*Task*: In the entries below, find the line with "Flights To Fancy" and the line with "Multi Strand Bone, Horn". Reproduce those two lines and every line between them exactly, and nothing more.
------ Data to examine ------
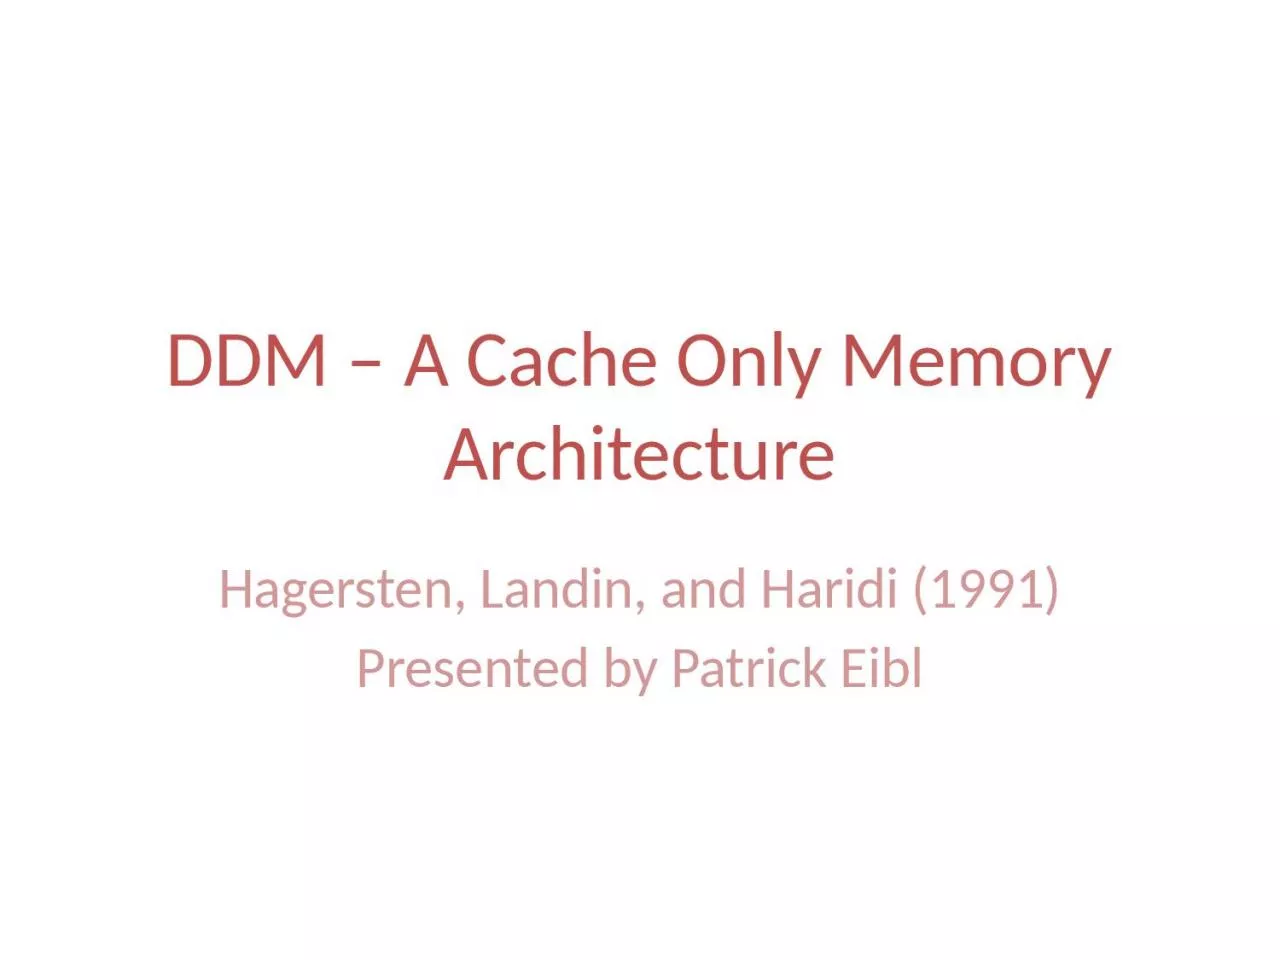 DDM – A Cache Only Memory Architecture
------
------ Data to examine ------
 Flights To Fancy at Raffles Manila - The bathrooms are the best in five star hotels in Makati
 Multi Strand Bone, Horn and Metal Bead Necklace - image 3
------
*Solved problem*:
 Flights To Fancy at Raffles Manila - The bathrooms are the best in five star hotels in Makati
 Multi Strand Bone, Horn and Metal Bead Necklace - image 3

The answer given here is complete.